Provided records:

___

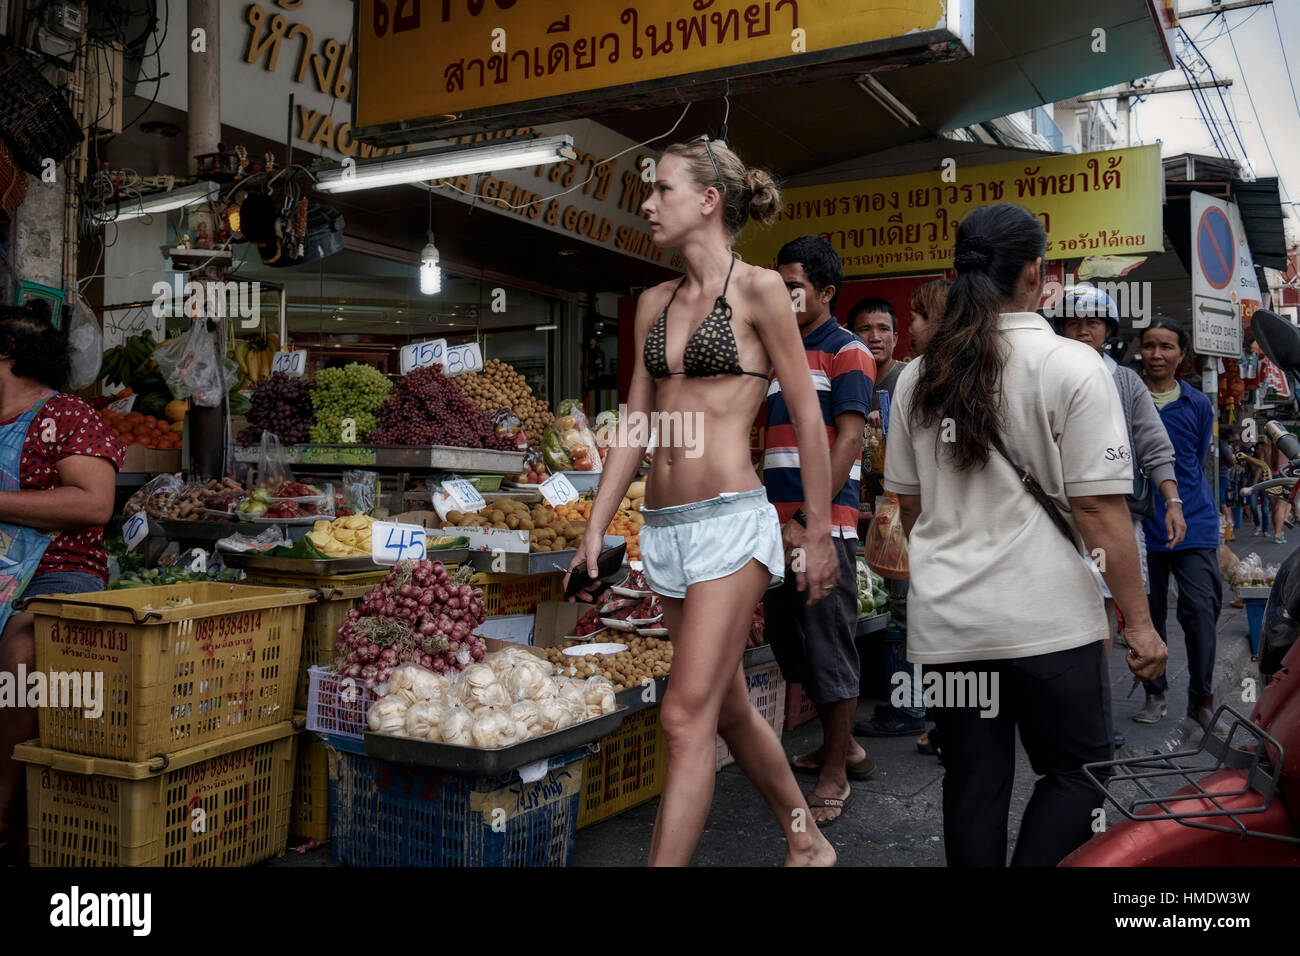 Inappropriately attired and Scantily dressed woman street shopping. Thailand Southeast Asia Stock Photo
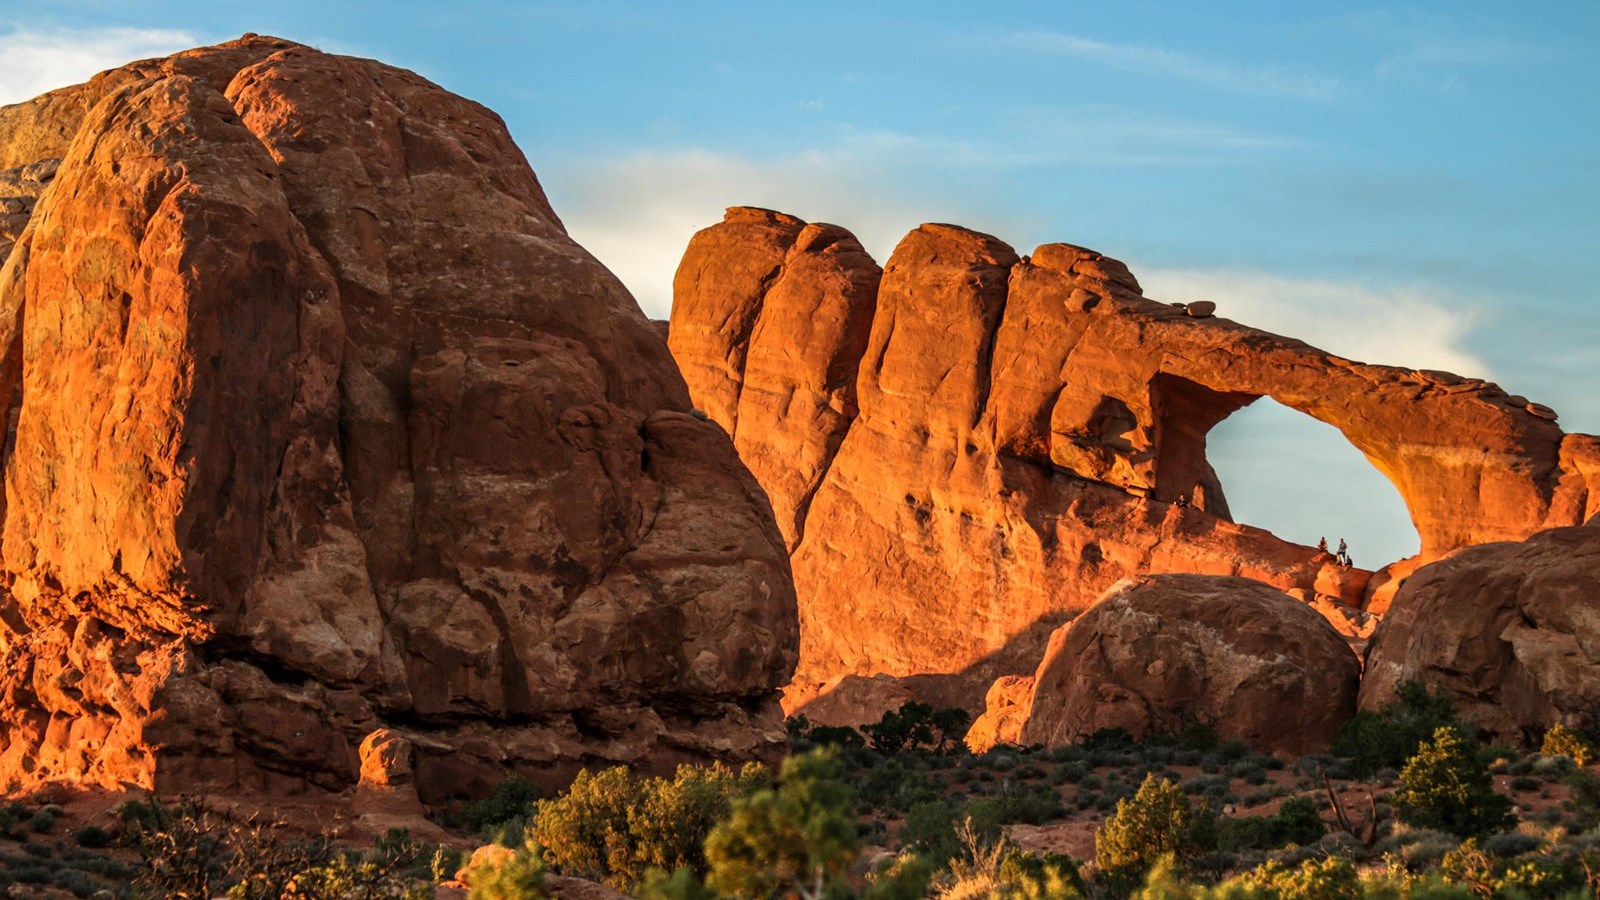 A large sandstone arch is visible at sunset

___

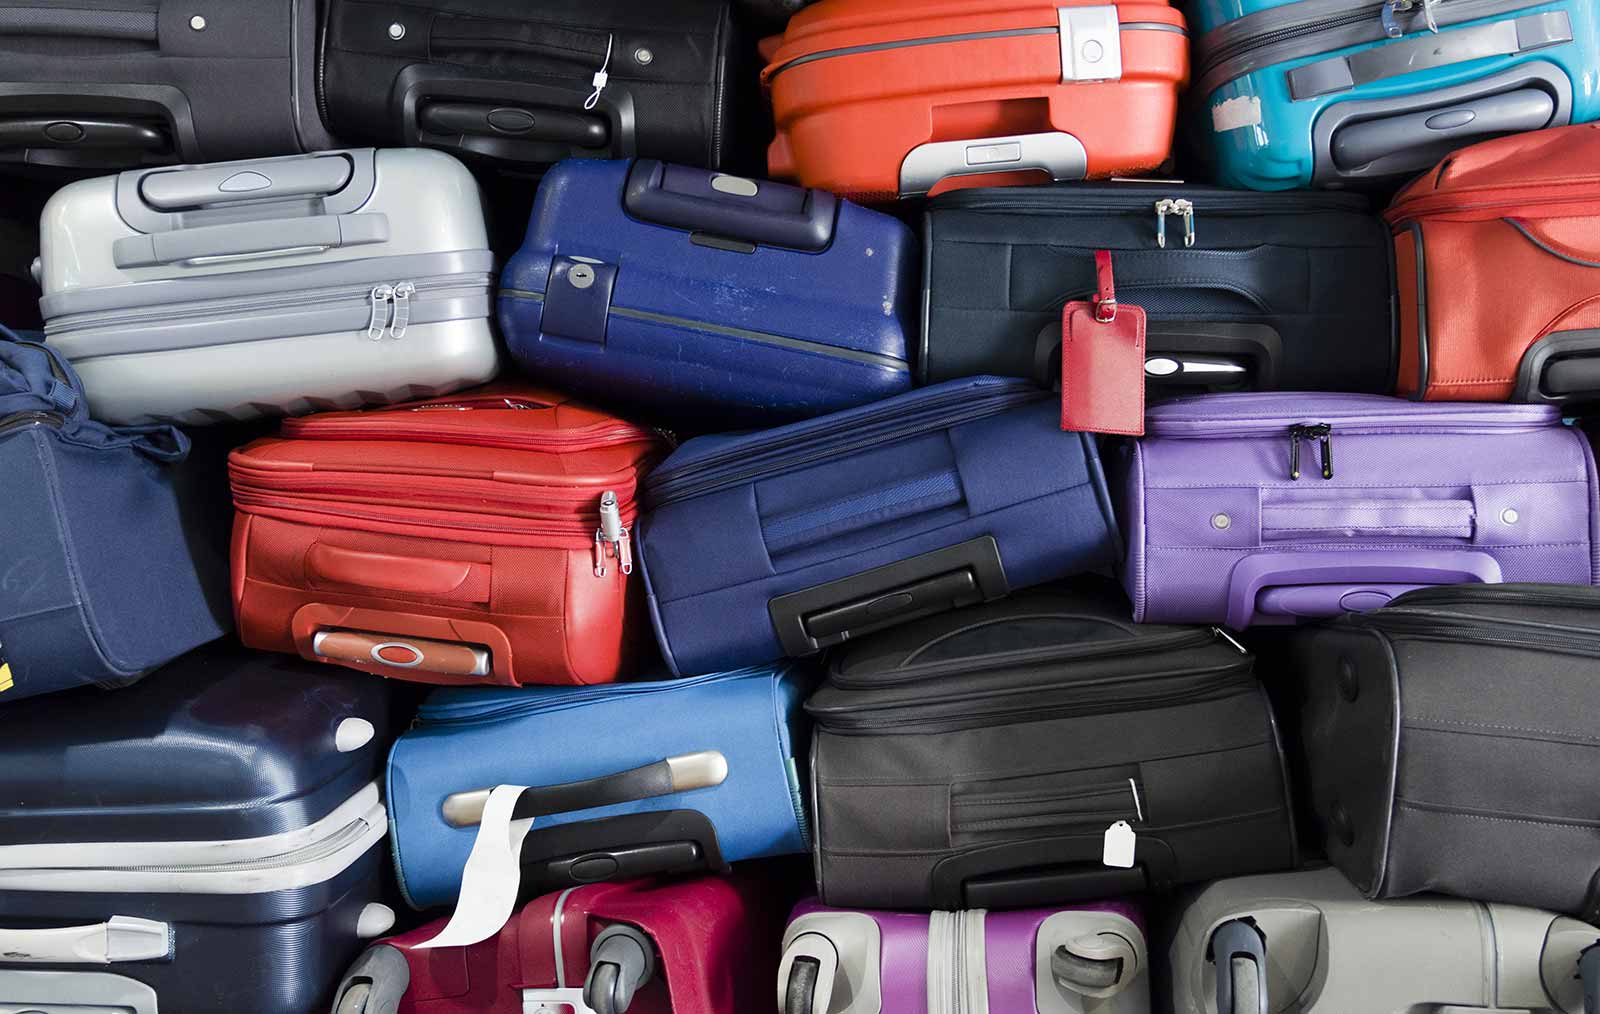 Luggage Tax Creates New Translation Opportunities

___

Begin at the line in the entries above that has "Inappropriately attired and", stop after the line that has "A large sandstone arch is visible at sunset", and output exactly those lines without pictures.

Response to this exercise:
 Inappropriately attired and Scantily dressed woman street shopping. Thailand Southeast Asia Stock Photo
 A large sandstone arch is visible at sunset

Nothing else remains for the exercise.